7. Allow to brew in peace
The sauce should simmer at a low power without the cover for an hour.
Here is also a place of danger. It is not advisable to mix the sauce in the middle of everything, because then the tomato sauce flies from the boiler around the kitchen.
The sauce may be thick and condensed as it can always be thinned.
8. Use a rod blender
Finally, drive the sauce flat with a rod blender, season with salt and black pepper.
If the sauce tastes sharp, add a little sugar.
9. Fast cooling
Finally, lower the sink into full cold water and lift the pan into a water bath to suddenly cool.

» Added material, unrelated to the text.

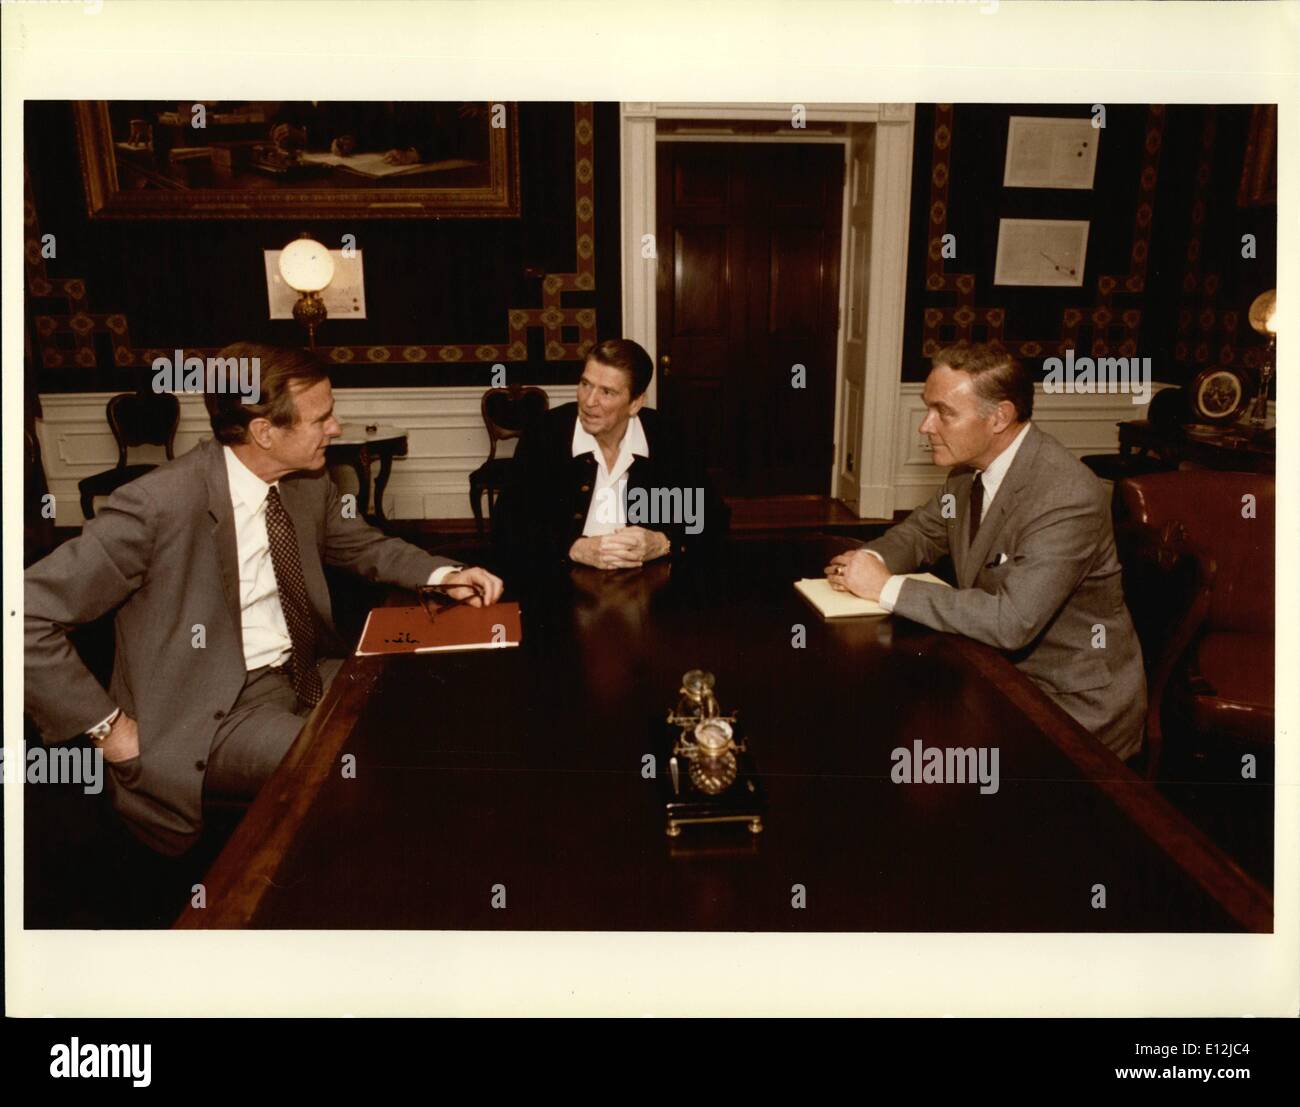 24 février 2012 - Le président Reagan se réunit avec le Vice-président George Bush et le secrétaire d'État Alexander Haig dans Treaty Room, 1er étage résidence, comme Haig rapports sur voyage à l'étranger. Banque D'Images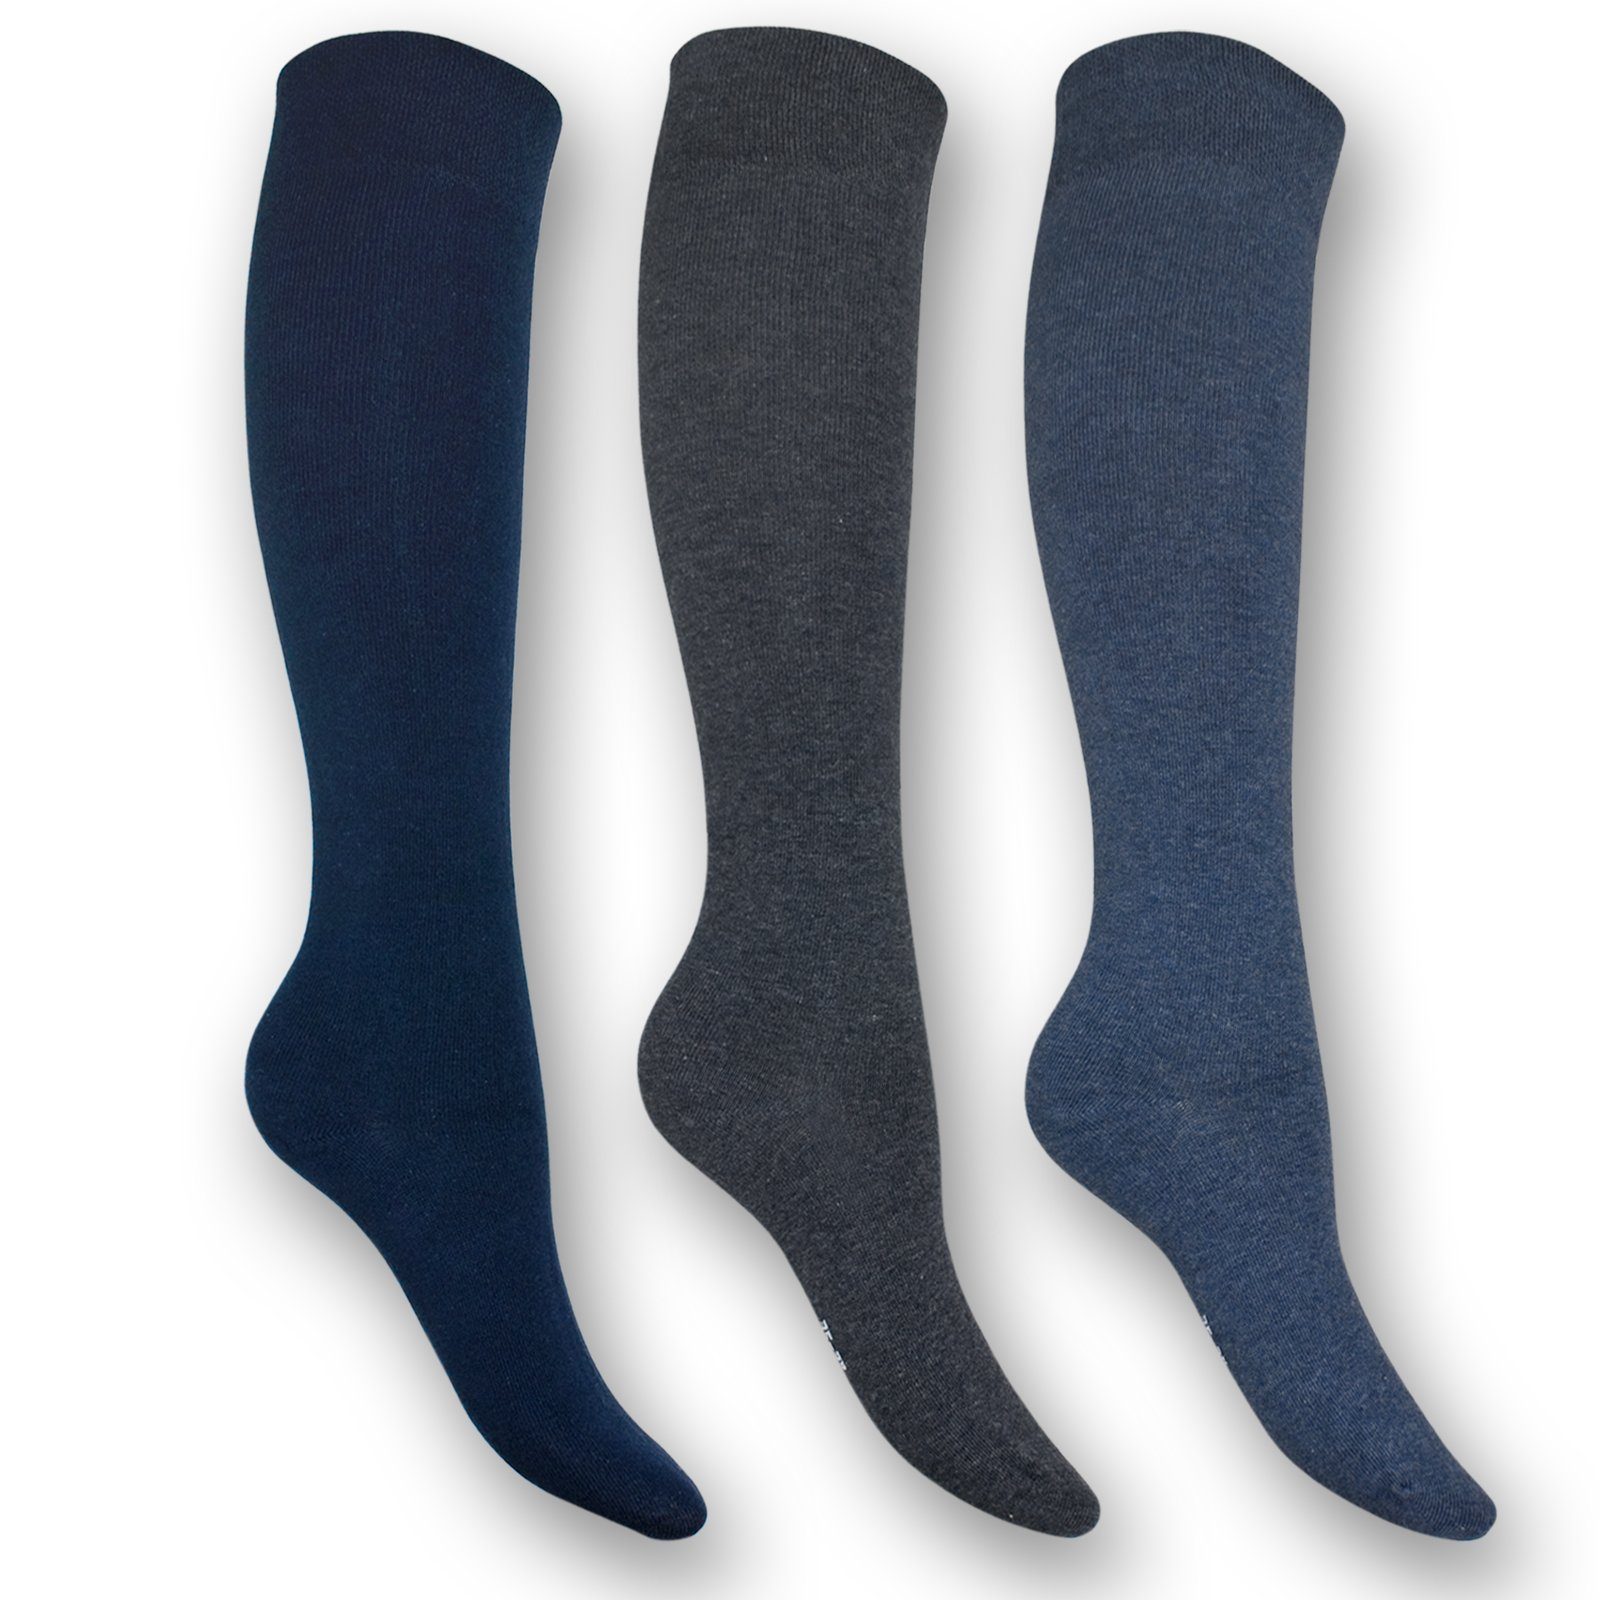 HARMONY mit Grau) Sockenbude Blau (Bund, weichem 3-Paar, Komfortrand Jeanstöne Die Kniestrümpfe

Koivisto freezes half of the cooled sauce, and he leaves half to eat over the week.
Tomato sauce
4 medium -sized bulbs
2 big carrots
2 stems of celery
3 garlic cloves
3 tbsp oil
2 prk (à 400g) whole tomatoes, praised tomato or tomato crush
3 dl water to rinse tomato jars
2 teaspoons dried oregano or 1 teaspoon dried thyme or 1 dl of chopped fresh basil or 1 dl of chopped fresh leaf parsley
1 teaspoon of salt
A few rounds of black pepper from the mill
(1 teaspoon of sugar)
1. Peel and chop the onions. Wash the carrots thoroughly and chop, they are not forced to peel. Rinse and chop the celery. Peel and chop the garlic nails.
2. Lorauti oil into a saucepan and add onion, carrot and celery. Simmer in peace until the onions have become iron, about a quarter.
3. Move the other vegetables to the edges of the boiler and add a drop of oil to the center if necessary. Add the garlic and bake for a couple of minutes, stirring before mixing the garlic with other vegetables.
4. Add the tomato adhesives. If you use whole tomatoes, beating them with a wooden spatula. Rinse the tomato jars with water and add water to the saucepan. If you use dried herbs, add them to the saucepan. If you use fresh herbs, chop them, but add only at the end.
5. Simmer the sauce over a mild heat for an hour. Add fresh herbs to the saucepan at the end of the stew.
6 Finally, puree the sauce evenly with a hand blender and season with salt and black pepper. From countries. If the sauce tastes acidic sharp, add sugar.
7. Cool and freeze half, storage half in the refrigerator (glass) in the box.